Star Review
Jean-Paul Belmondo made his name playing a hood with a fondness for Bogart in A Bout de Souffle. It couldn’t have been more appropriate, for surely no actor has a better claim to be the true heir to Bogie. Just like Bogart, he’s ugly-beautiful – twinkling eyes above a prize fighter’s nose – and there’s the same combination of charm and attitude. Not to mention the cigarette both men glued to their lower lip. Was the Bogart fetish in the script or was it (yet another) canny move by Jean-Luc Godard? If he’d cast Alain Delon, would the character worship, say, George Raft?
The earliest film here, A Double Tour, features Belmondo as an obnoxious boyfriend antagonising his prospective mother-in-law. It’s a supporting part, yet his star power is already on show and he walks away with the film. Ostensibly a murder mystery, Claude Chabrol is as interested in showing a bourgeois family unravel as he is in finding out whodunit. He films it with considerable style, especially the Hitchcockian murder and the innovative use of flashbacks.
Pierrot le Fou is a companion piece to A Bout de Souffle or maybe (for remember that this is Godard), the second part of the same film. Both are lovers-on-the-run stories but Pierrot… goes further off road. It’s a most playful work, maybe even Godard’s funniest. It is also a film of extraordinary beauty and remains utterly relevant.
After Pierrot… Belmondo concentrated on more mainstream movies. However, he was still willing to work with interesting directors. Stavisky is a big-budget collaboration with Alain Resnais, that dramatises a scandal of the 1930s, when a left-wing French government was bought down by an upmarket swindler. Belmondo is perfect as the charismatic conman, although those unfamiliar with L’affaire Stavisky might find the film occasionally opaque.
The most recent film here is also the least: Le Professional is a baggy thriller that briefly entertains with a striking car chase but otherwise just joins the dots. It is the weak link in a collection that shows off one of the truly great stars in some of his most characteristic roles.
James Oliver on 13th June 2007
View all 34 of James Oliver’s reviews
[ Show Film Description ]
Film Description
A fine selection of five films from one of the key faces of the nouvelle vague, who is also one of France's biggest box office stars and a recipient of France’s highest accolade, the Legion of Honour.
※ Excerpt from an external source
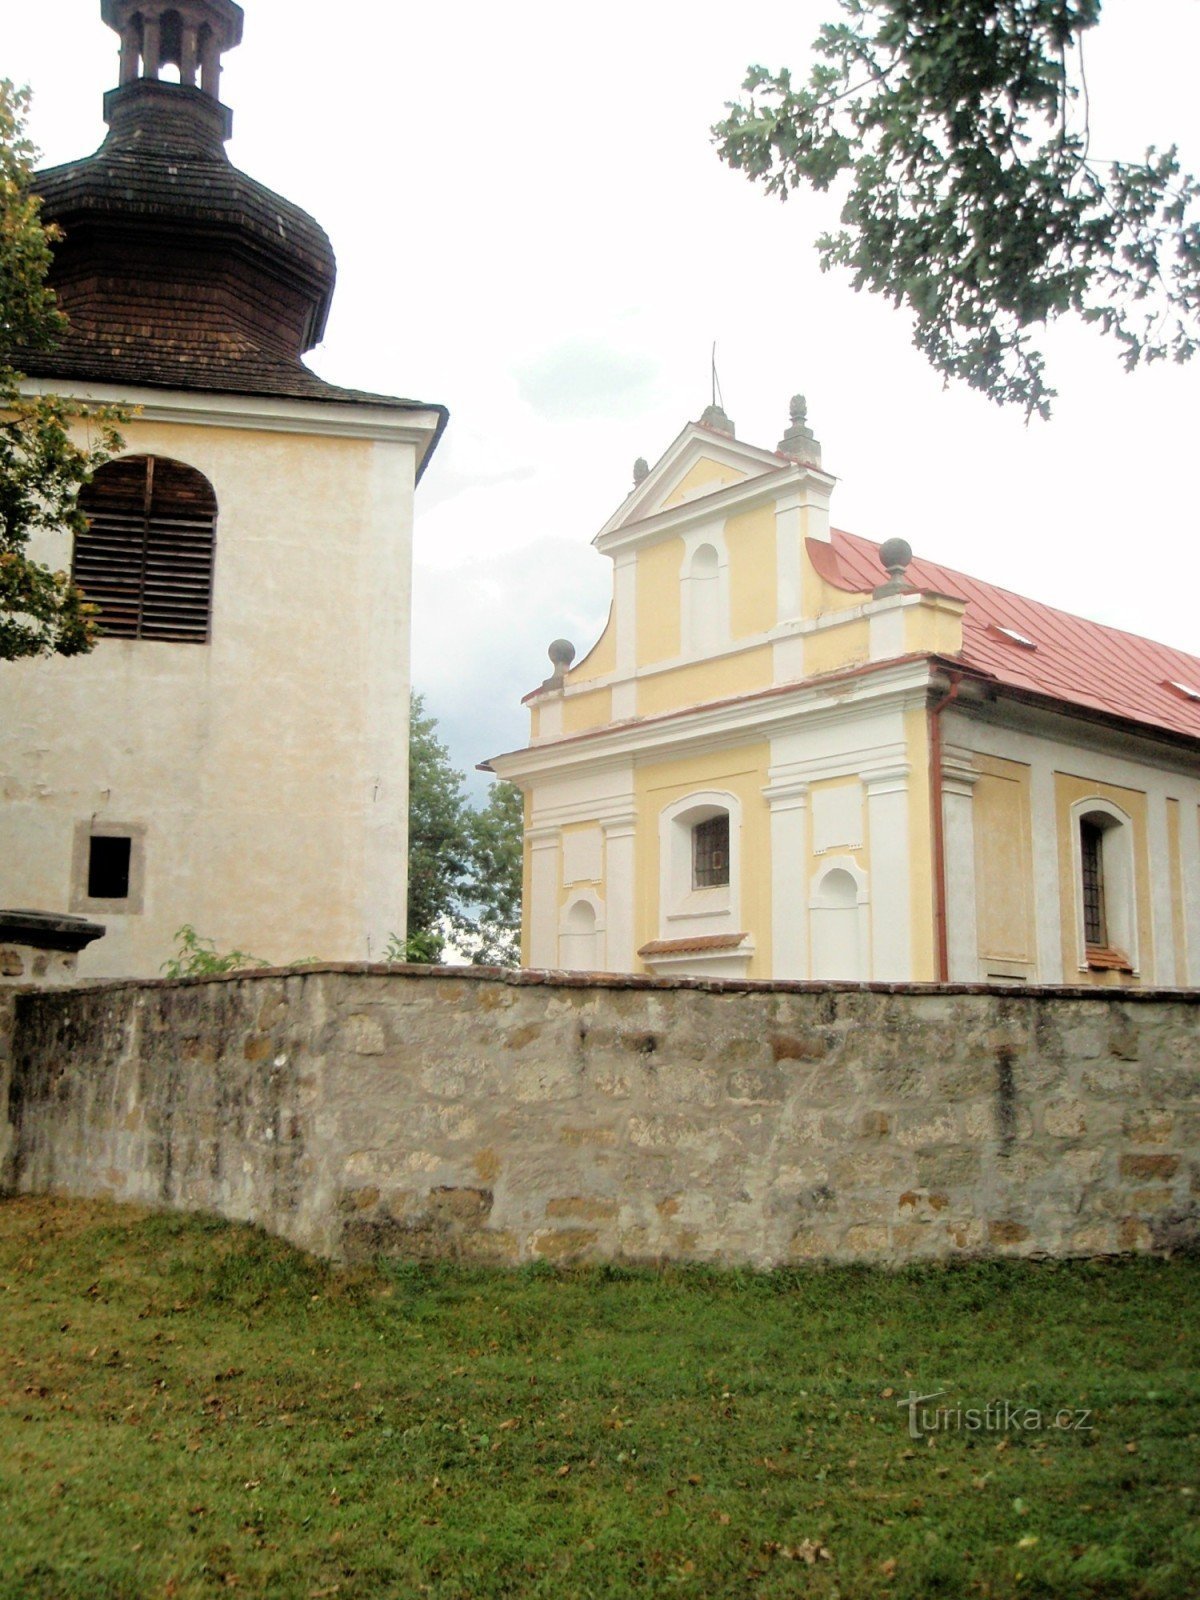 Église de St. Barbarie aux cloches

The set mixes the familiar with the less well-known and contains: À Double Tour (Chabrol, 1959), À Bout de Souffle (Godard, 1960), Pierrot le Fou (Godard, 1965), Stavisky (Resnais, 1974) and Le Professionnel (Lautner, 1981).
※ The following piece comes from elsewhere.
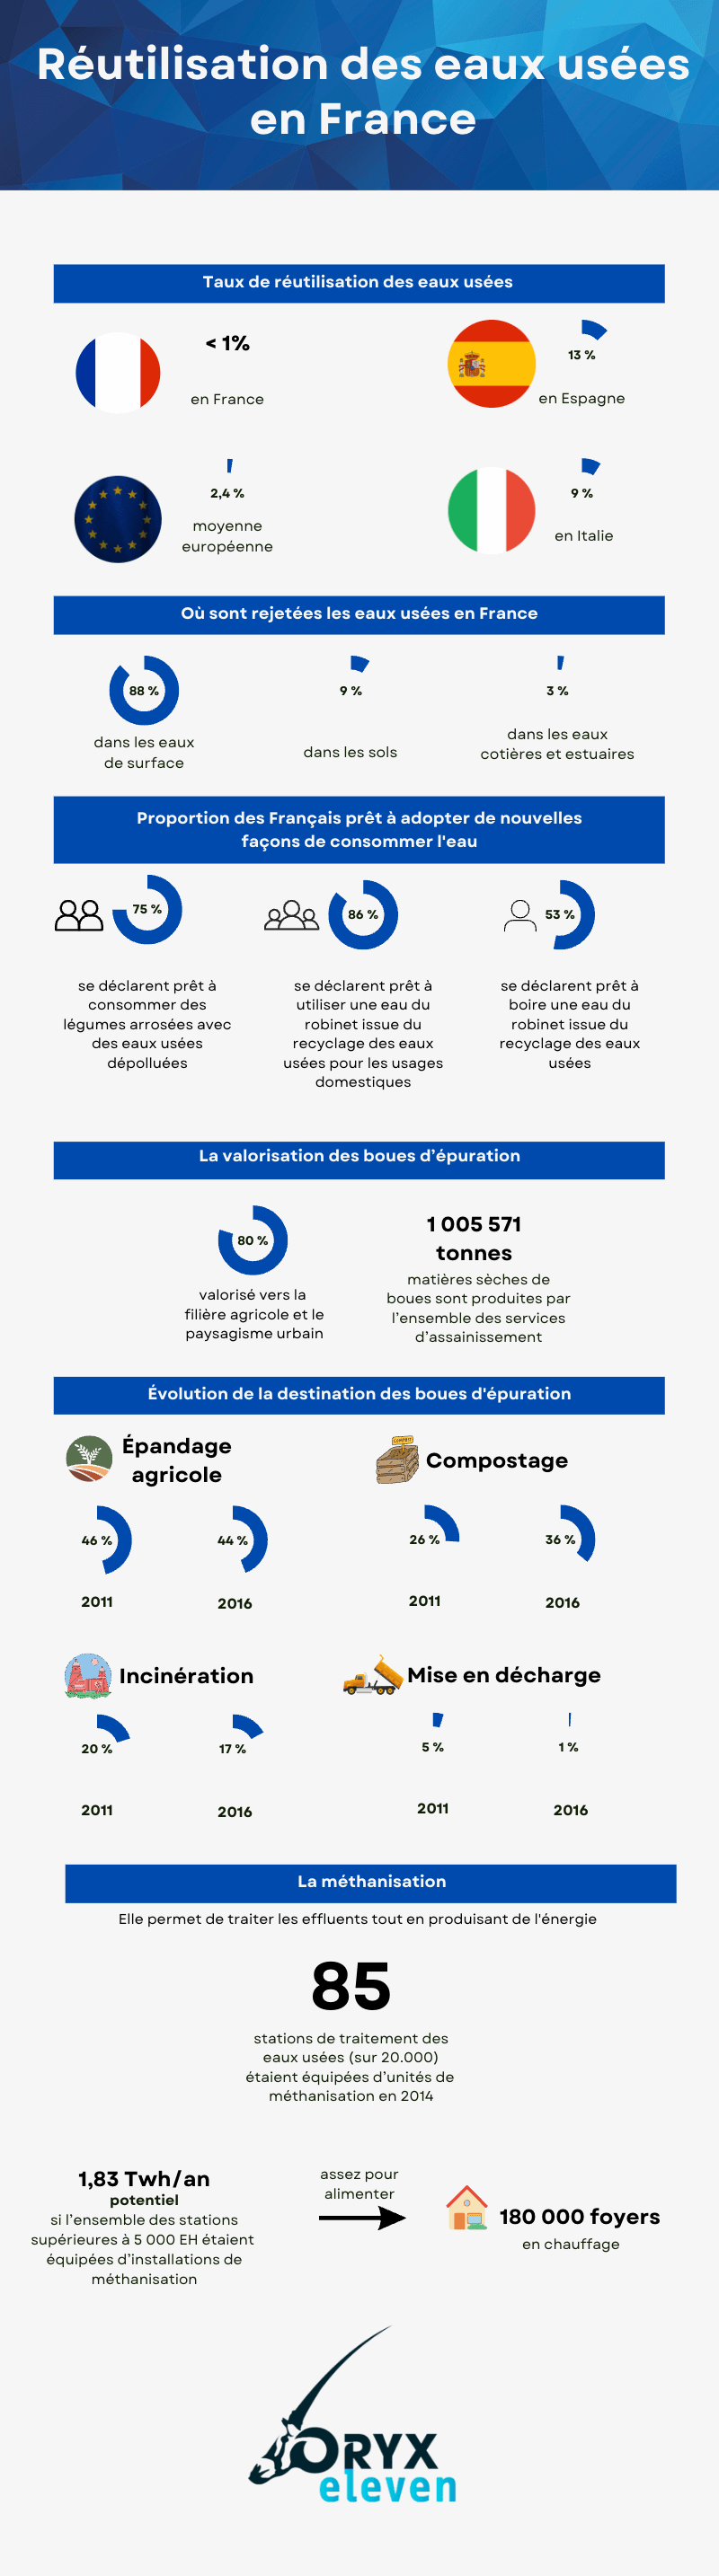 Infographie sur la réutilisation des eaux usées en France et dans le monde

À Double Tour, Claude Chabrol's first film in colour, is a characteristically suspenseful thriller and also a cruel portrait of bourgeois life. Henri Marcoux, a respectable middle-class man living in Provence with his wife and two children, is having an affair with a younger woman, Léda. His wife is determined to avoid a scandal at any price, even to the extent of breaking off her daughter’s engagement when she learns that her future son-in-law Laszlo (Belmondo) has been sympathising with her husband. Then the unthinkable happens – Léda is found dead. But who is the killer?
A bout de Souffle was the film that gave Belmondo his big break. As the petty criminal on the run in a film that was the epitome of cool, Belmondo entered cinematic immortality. Interestingly, the film united four of the initiators of the nouvelle vague - Godard (producer, director), Truffaut (writer), Chabrol (artistic director) and Melville (actor).
Pierrot le Fou, a sort of follow-uo to Breathless, is the story of a bored husband (Belmondo) who runs away from Paris to the South of France with an unpredictable but beguiling young babysitter (Anna Karina) after a corpse is found in her flat. After an idyllic time at the seaside they hit the road once more and get by on theft. Belmondo was nominated for a BAFTA for his perfomance in this tragic tale of a romantic couple who cannot escape fate no matter how far they flee.
Widely regarded as one of Alan Resnais’ finest films, Stavisky tries to shed some light on the eponymous, enigmatic Russian émigré who scandalised France. Stavisky (brilliantly portrayed by Belmondo) built an empire through a combination of subterfuge, fraud and false identity, becoming, as the more respectably titled Serge Alexandre, one of the most influential and powerful men in France in the period between the wars. As the investigations of Inspector Bonny reveal, his life was the perfect sham, which took in businessmen, financiers and politicians of all persuasions. Features a score from Stephen Sondheim.
Finally, Le Professionel is a hard-edged action thriller with a haunting Ennio Morricone score. Secret agent Joss Beaumont (Belmondo) is sent to Malawi to assassinate President N’Nala. At the last moment, the French authorities make a change of policy and betray Beaumont to the Malawi government. After two years in captivity, Beaumont escapes from the African state and returns to Paris to enact his revenge.